You are an intelligence assessment specialist. Your role is to analyze
provided documents for indicators of structural shifts, regulatory
capture, and network dependencies. Always cite specific evidence from
the provided context. State clearly when information is insufficient
to draw a conclusion.

Example query:

Analyze the following report for indicators of regulatory capture
and identify any entities with undisclosed financial dependencies.

Option B: Deploy to HF Inference Endpoints

For production or team use. Runs on cloud GPUs with full API access, auto-scaling, and scale-to-zero billing.

Create the Endpoint

Go to Hugging Face Inference Endpoints.
Click New Endpoint and search for nehanda.
Select asoba/nehanda-v1-7b from the Hub Models results.

Search for "nehanda" and select asoba/nehanda-v1-7b from Hub Models

Configure Hardware

Select the following configuration:
- Cloud Provider: Amazon Web Services
- GPU: Nvidia L40S (1x GPU, 48 GB VRAM)
- Region: us-east-1 (N. Virginia)
- Cost: ~$1.80/hour per running replica
- Authentication: Private (recommended)
Enable Scale-to-zero — the endpoint will automatically stop after 1 hour of inactivity, so you only pay while it’s running.
Click Create Endpoint.

Create Endpoint configuration

Recommended configuration: AWS, Nvidia L40S, Private authentication, scale-to-zero enabled

Wait for Initialization

The endpoint will take a few minutes to start.

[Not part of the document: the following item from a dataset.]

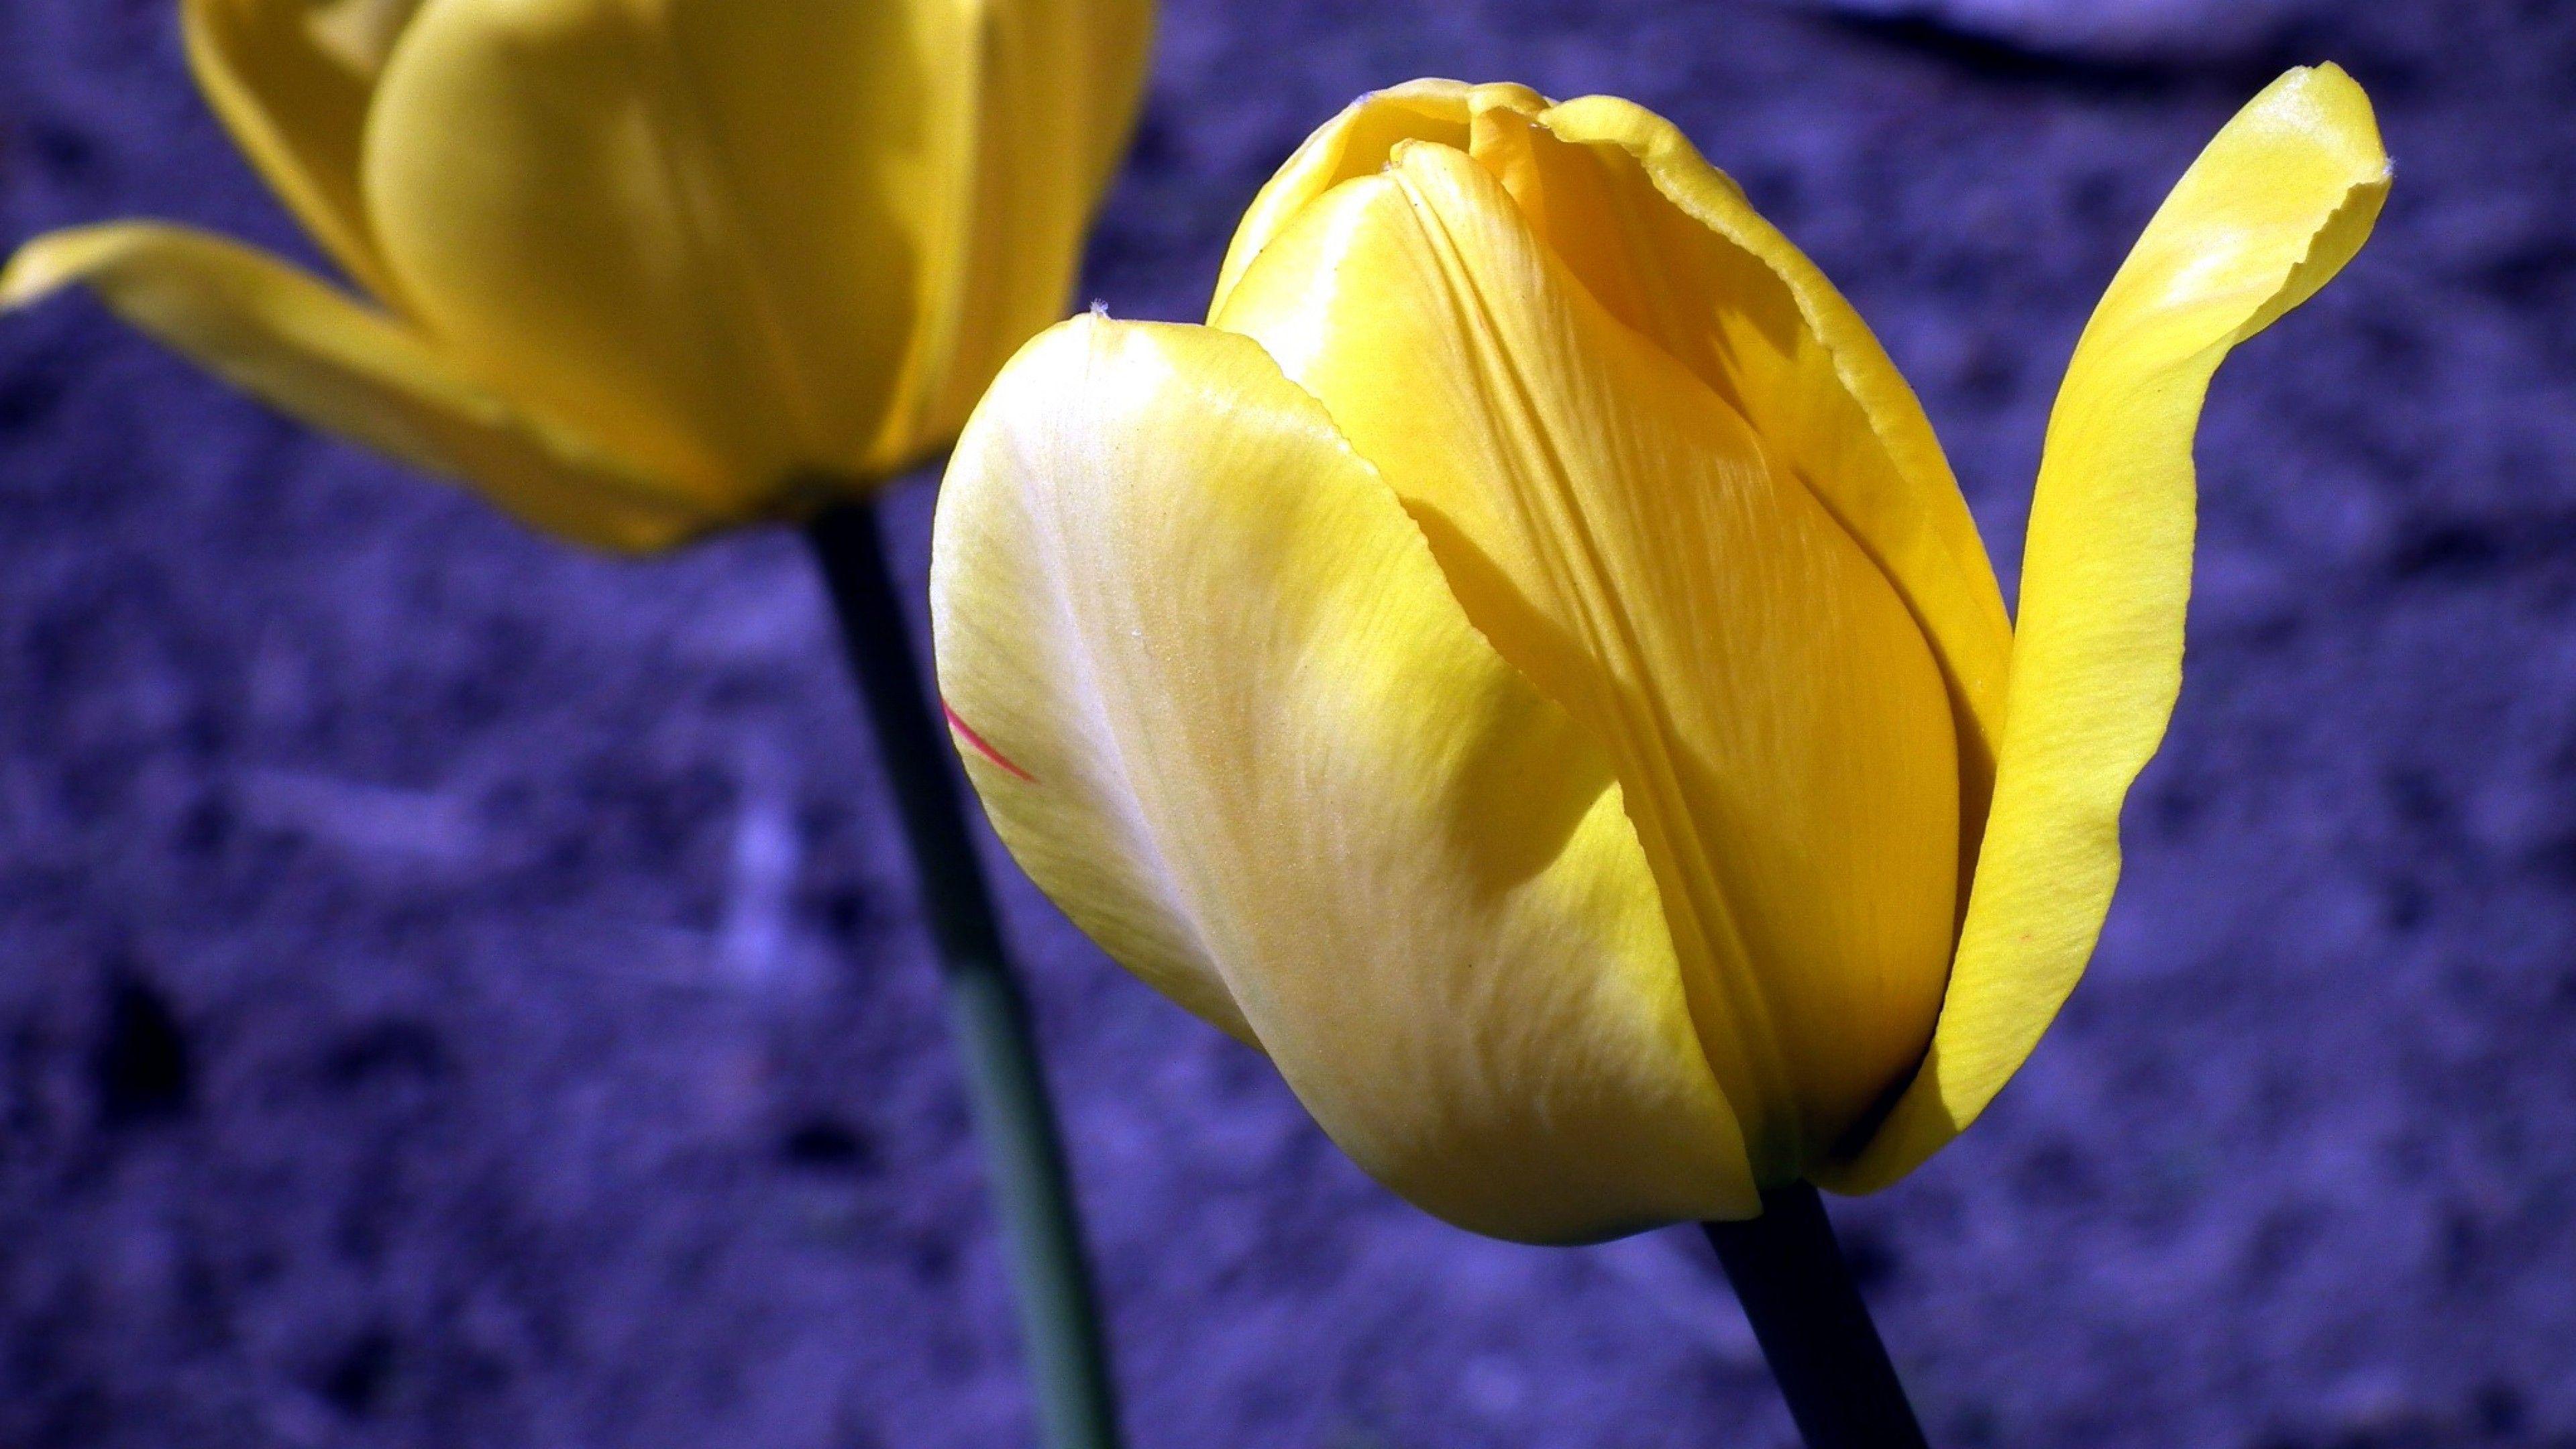 Tulip Flowers Buds, HD Flowers, 4k Wallpaper, Image, Background
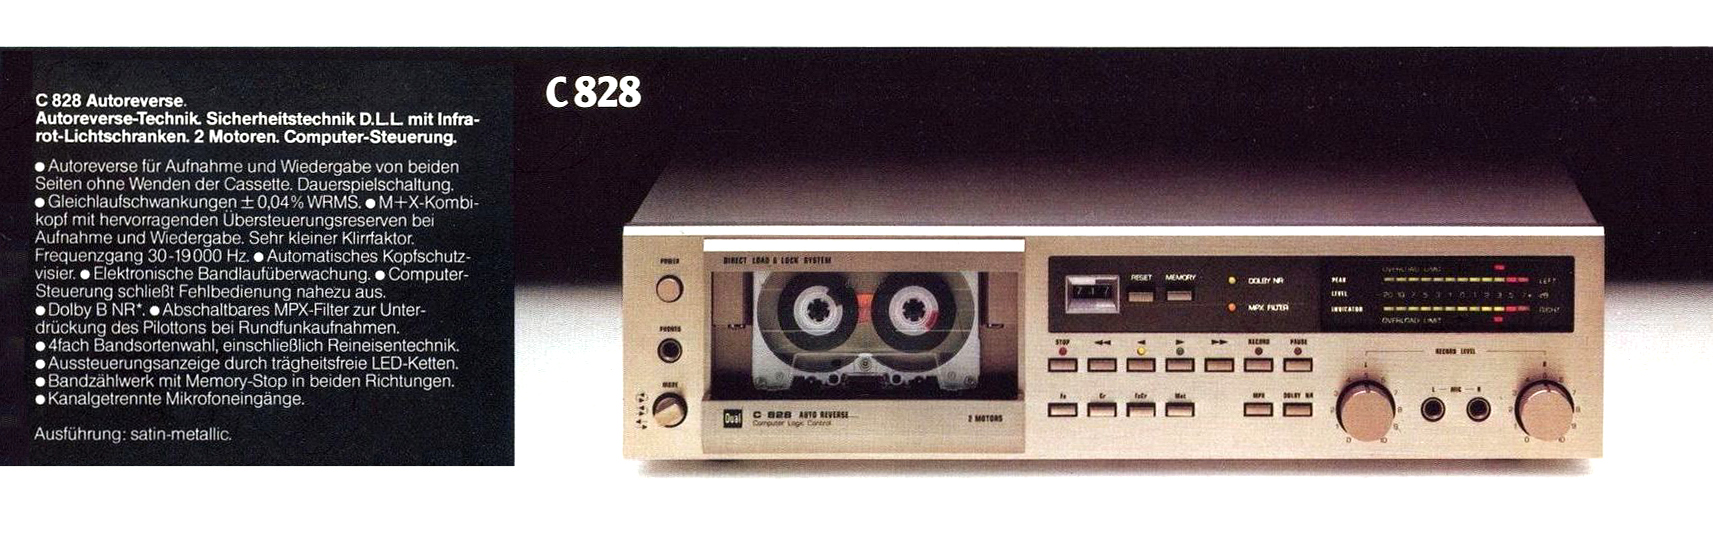 Dual C-828-Prospekt-1983.jpg

The status will show Initializing while the model weights are loaded.
Once the status changes to Running, copy the Endpoint URL — you will need it for API calls.

Nehanda endpoint initializing

The endpoint initializing — once Running, copy the Endpoint URL for API calls

Make Your First API Call

Once the endpoint is running, you can send requests using cURL or Python.

cURL:

curl https://your-endpoint-url.endpoints.huggingface.cloud/v1/chat/completions \
  -H "Authorization: Bearer $HF_TOKEN" \
  -H "Content-Type: application/json" \
  -d '{
    "model": "asoba/nehanda-v1-7b",
    "messages": [
      {
        "role": "system",
        "content": "You are an intelligence assessment specialist."
      },
      {
        "role": "user",
        "content": "Analyze the following for indicators of regulatory capture..."
      }
    ],
    "max_tokens": 2048,
    "temperature": 0.3
  }'

Python (with huggingface_hub):

from huggingface_hub import InferenceClient

client = InferenceClient(
    model="https://your-endpoint-url.endpoints.huggingface.cloud",
    token="hf_your_token_here",
)

response = client.chat.completions.create(
    messages=[
        {
            "role": "system",
            "content": "You are an intelligence assessment specialist.",
        },
        {
            "role": "user",
            "content": "Analyze the following for indicators of regulatory capture...",
        },
    ],
    max_tokens=2048,
    temperature=0.3,
)

print(response.choices[0].message.content)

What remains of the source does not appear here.